Activision Blizzard employees will ultimately report to Phil Spencer as CEO

white Xbox logo floats over glitchy green “clouds” Illustration: James Bareham/Polygon
Maddy Myers has run Polygon’s games section since 2020 as deputy editor. She has worked in games journalism since 2007, at Kotaku, The Mary Sue, and the Boston Phoenix.

Microsoft plans to acquire Activision Blizzard, publisher of some of the most popular games on the planet (from World of Warcraft to Call of Duty), as well as the studios currently embroiled in multiple lawsuits related to accusations of gender discrimination in its workplace, the company announced Tuesday. Xbox boss Phil Spencer will serve as the CEO of Microsoft Gaming and oversee Activision Blizzard once the transaction is finalized.

The deal is worth $68.7 billion, Microsoft said, the largest acquisition in the company’s history.

In a blog post about the acquisition, Spencer said that Microsoft “will offer as many Activision Blizzard games as we can within Xbox Game Pass and PC Game Pass, both new titles and games from Activision Blizzard’s incredible catalog.”

As far as the discrimination lawsuits, Spencer’s blog post and the announcement post from Microsoft made no direct mention of the situation.

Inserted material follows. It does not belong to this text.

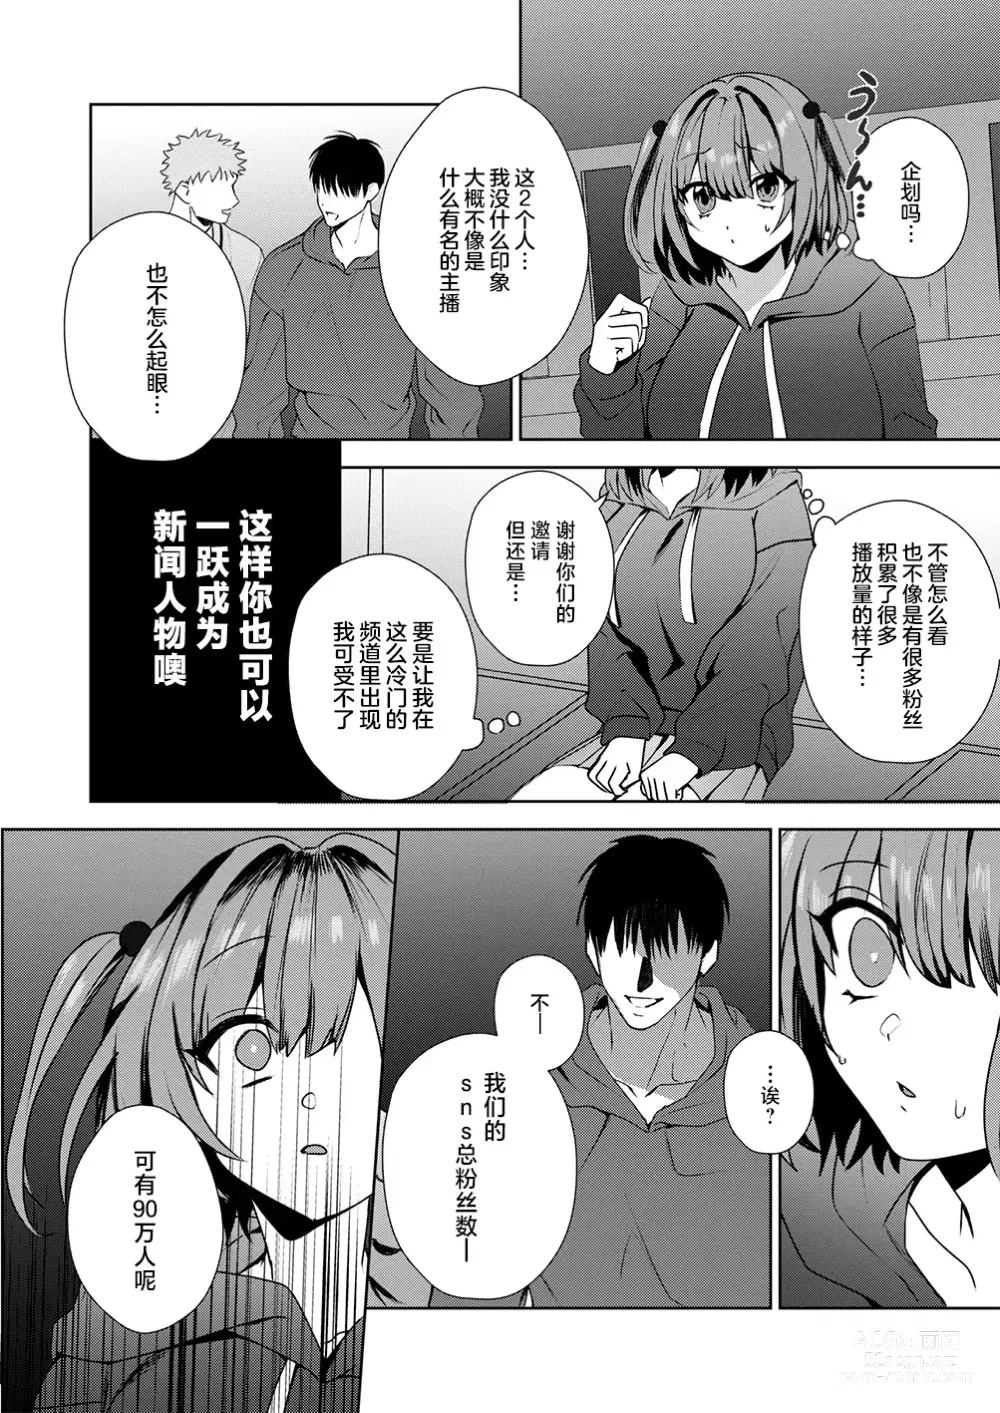 Page 6 of manga Motto Atashi o Oshite kure!
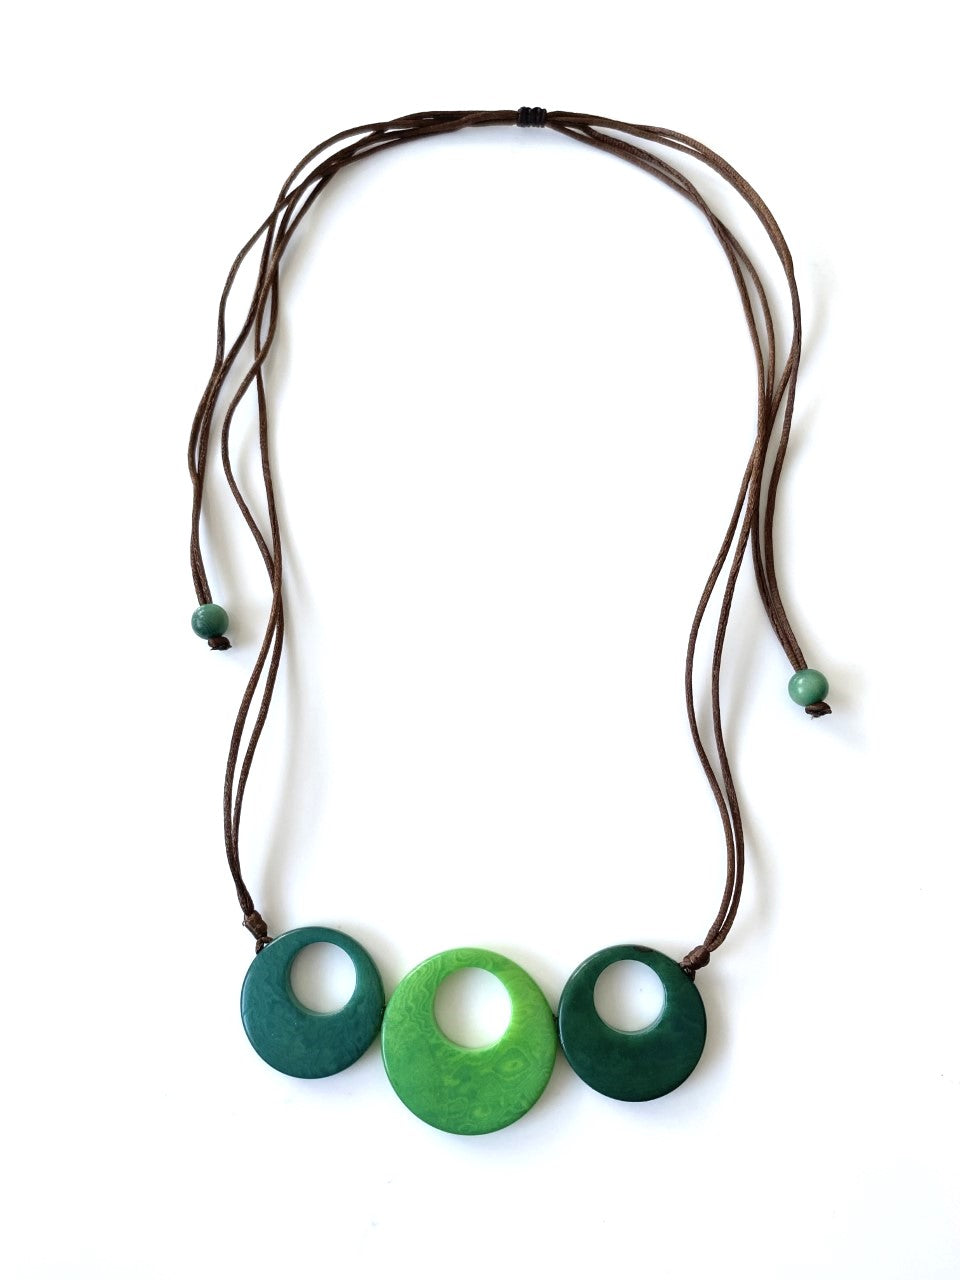 Treslunas necklace - Green tones

However, Spencer’s post includes this paragraph about workplace culture: “As a company, Microsoft is committed to our journey for inclusion in every aspect of gaming, among both employees and players. We deeply value individual studio cultures. We also believe that creative success and autonomy go hand-in-hand with treating every person with dignity and respect. We hold all teams, and all leaders, to this commitment.”

Activision Blizzard is currently facing multiple lawsuits and federal investigations, as well as calls for its CEO, Bobby Kotick, to resign over serious allegations of sexual harassment and assault at the publisher and its studios, including Blizzard. Kotick will remain CEO of Activision Blizzard until Microsoft’s acquisition of the publisher closes, which is expected to complete in 2023, Kotick said in an email to employees.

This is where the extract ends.